Exercise instructions -
Copy, word for word, the opening line of the data and each line after it until the line that contains "Moroccan mussel dish", which is included. Leave the pictures out.

::: Source material :::

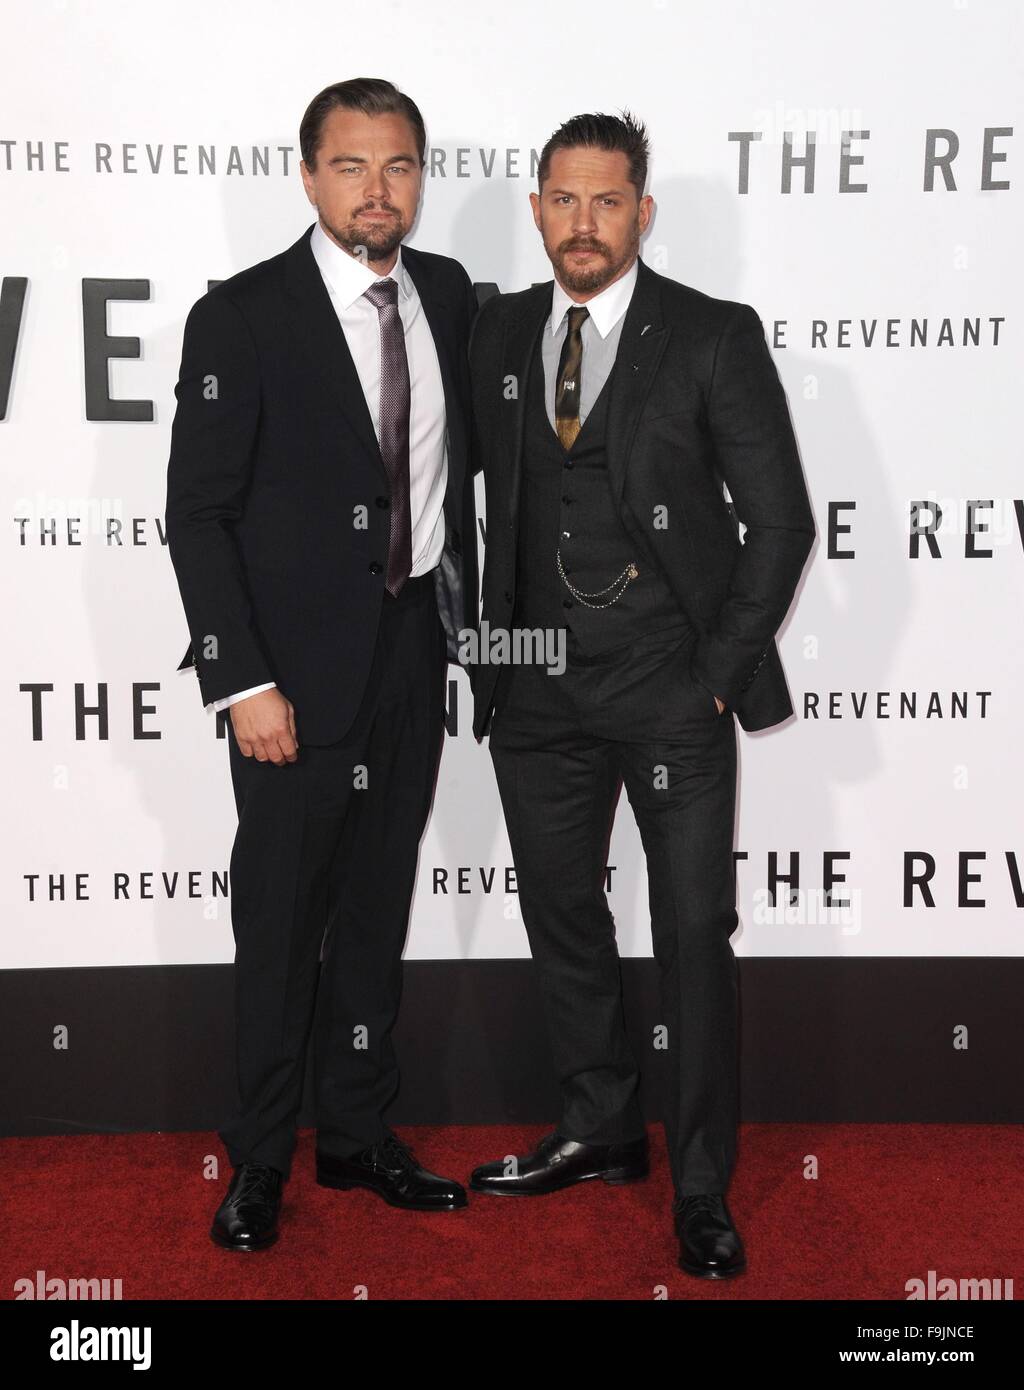 Los Angeles, CA, USA. 16th Dec, 2015. Leonardo Dicaprio, Tom Hardy at arrivals for THE REVENANT World Premiere, TCL Chinese 6 Theatres (formerly Grauman's), Los Angeles, CA December 16, 2015. Credit:  Dee Cercone/Everett Collection/Alamy Live News Stock Photo
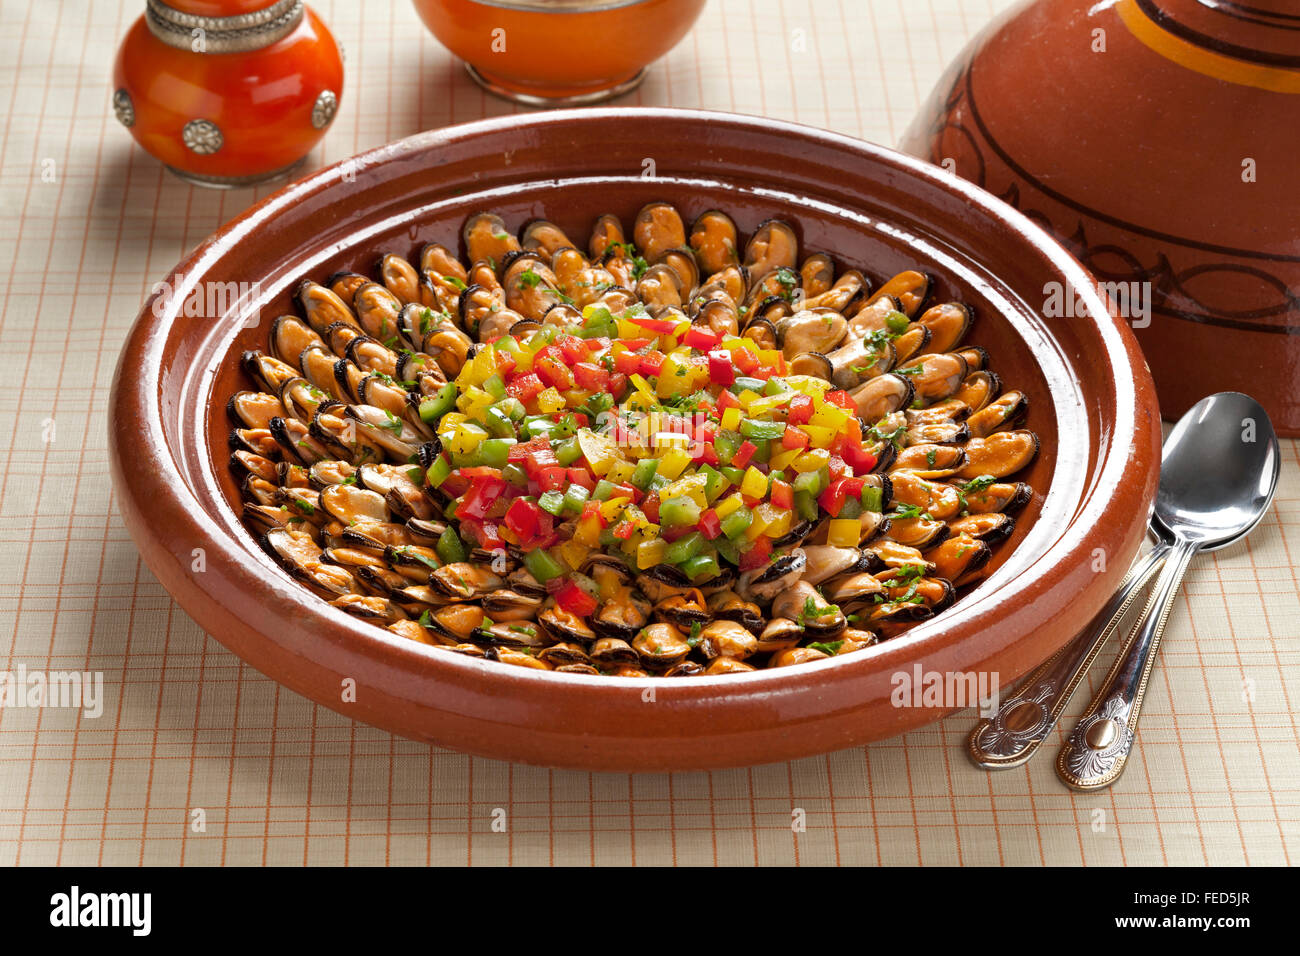 Moroccan mussel dish from Marakech Stock Photo
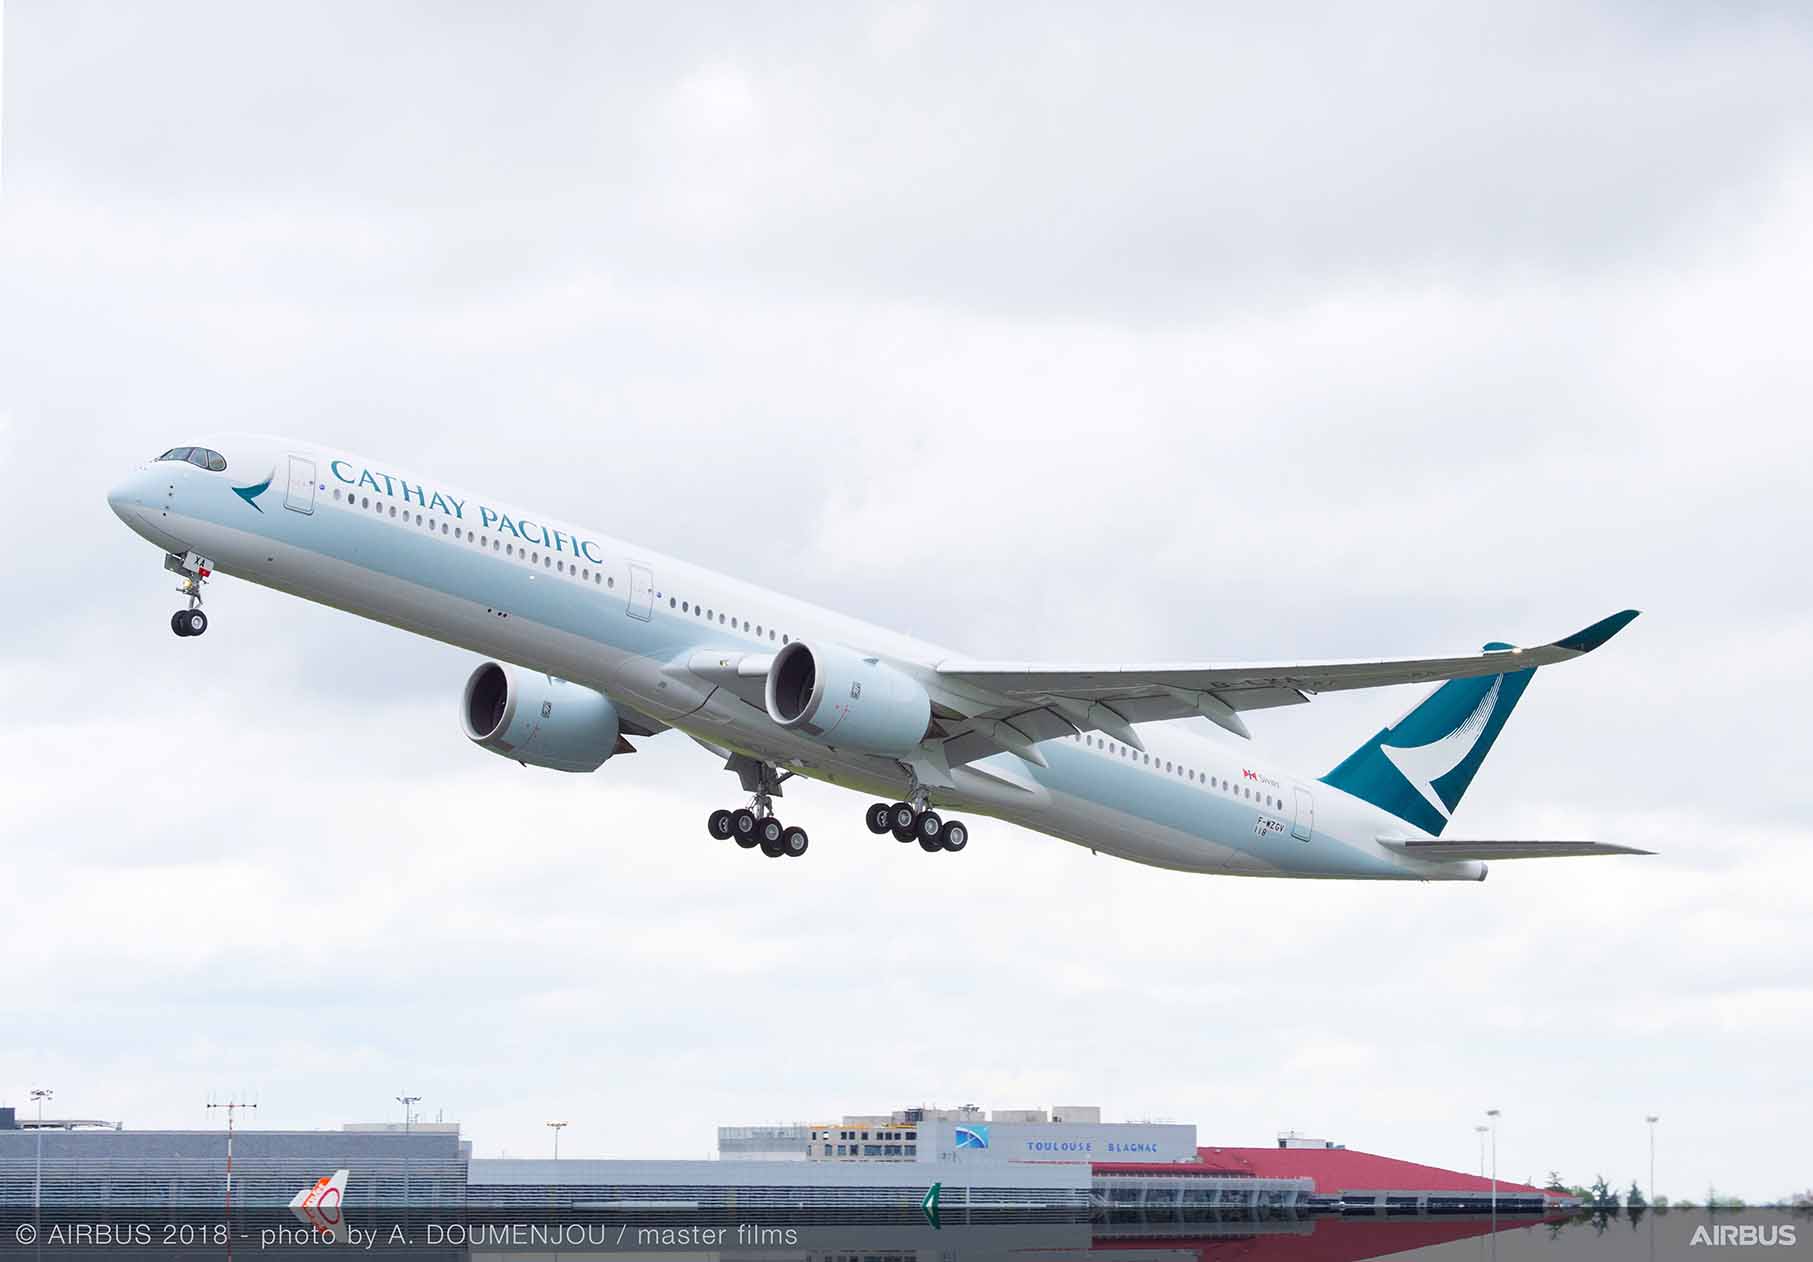 Cathay Pacific and Lufthansa Group start codeshare agreement
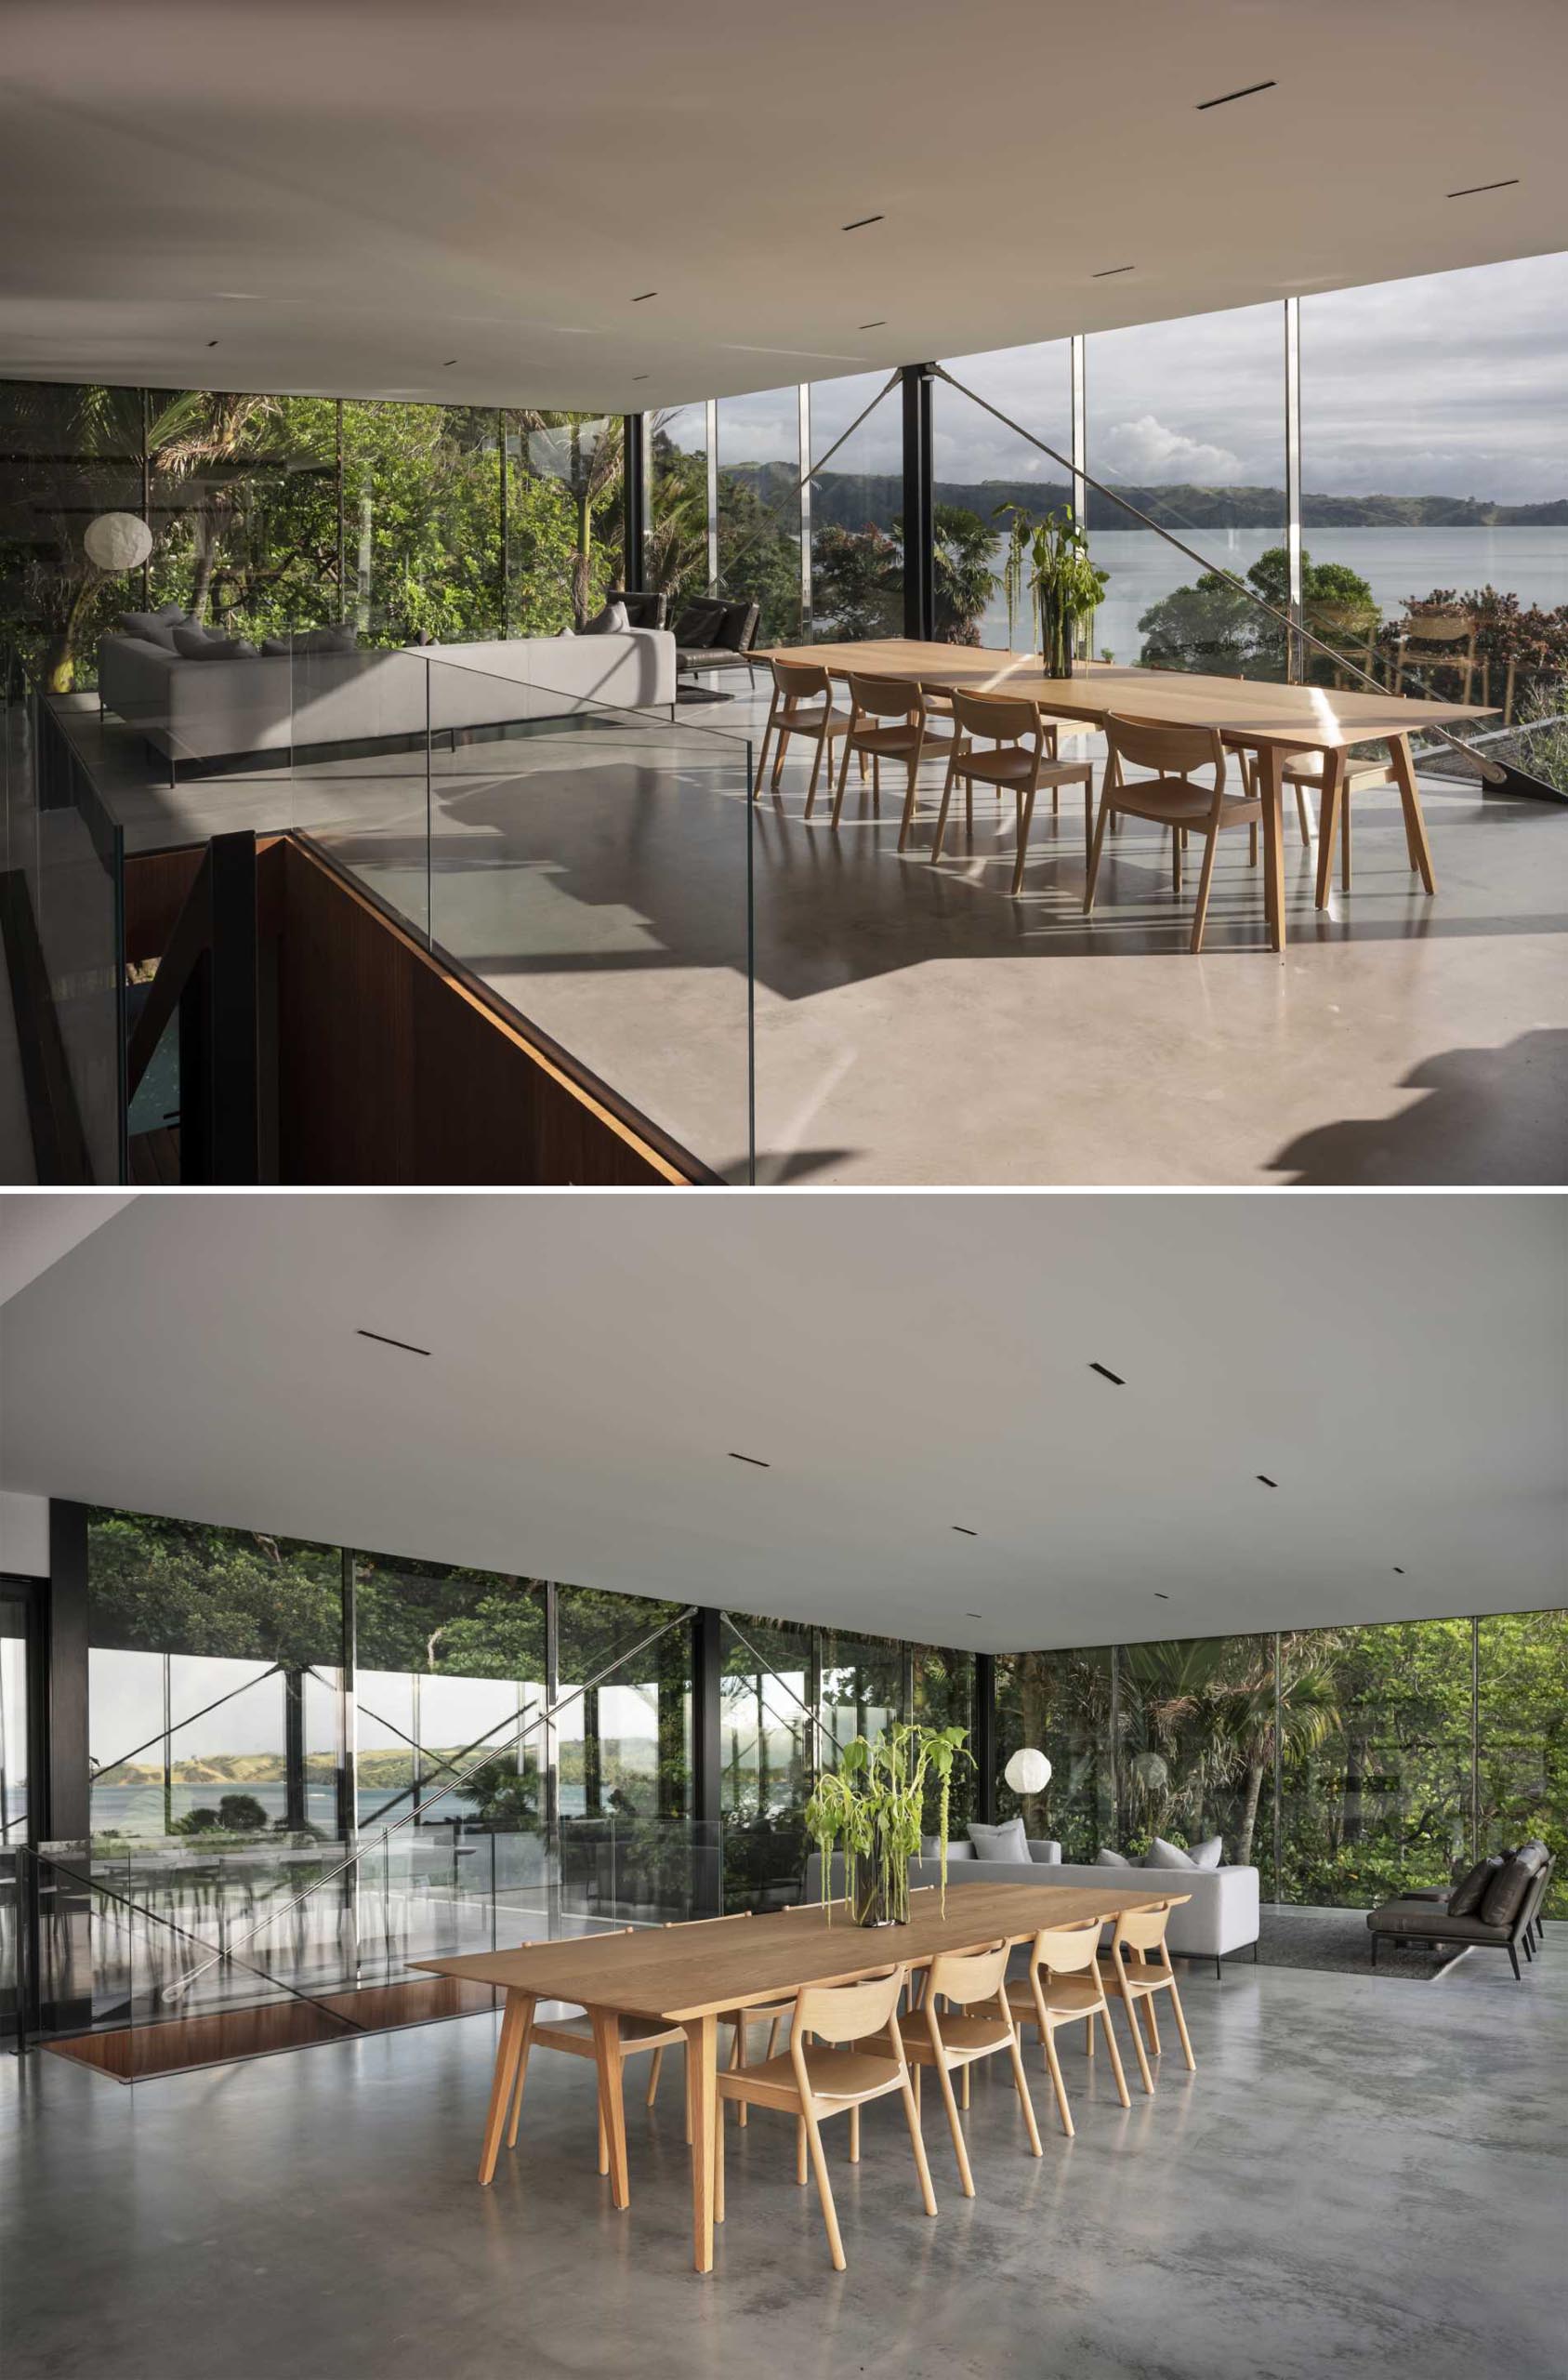 In this modern home with glass walls, there's an open-plan dining area that's furnished with a large wood table and matching chairs.

:::

Answer to the problem -
 Los Angeles, CA, USA. 16th Dec, 2015. Leonardo Dicaprio, Tom Hardy at arrivals for THE REVENANT World Premiere, TCL Chinese 6 Theatres (formerly Grauman's), Los Angeles, CA December 16, 2015. Credit:  Dee Cercone/Everett Collection/Alamy Live News Stock Photo
 Moroccan mussel dish from Marakech Stock Photo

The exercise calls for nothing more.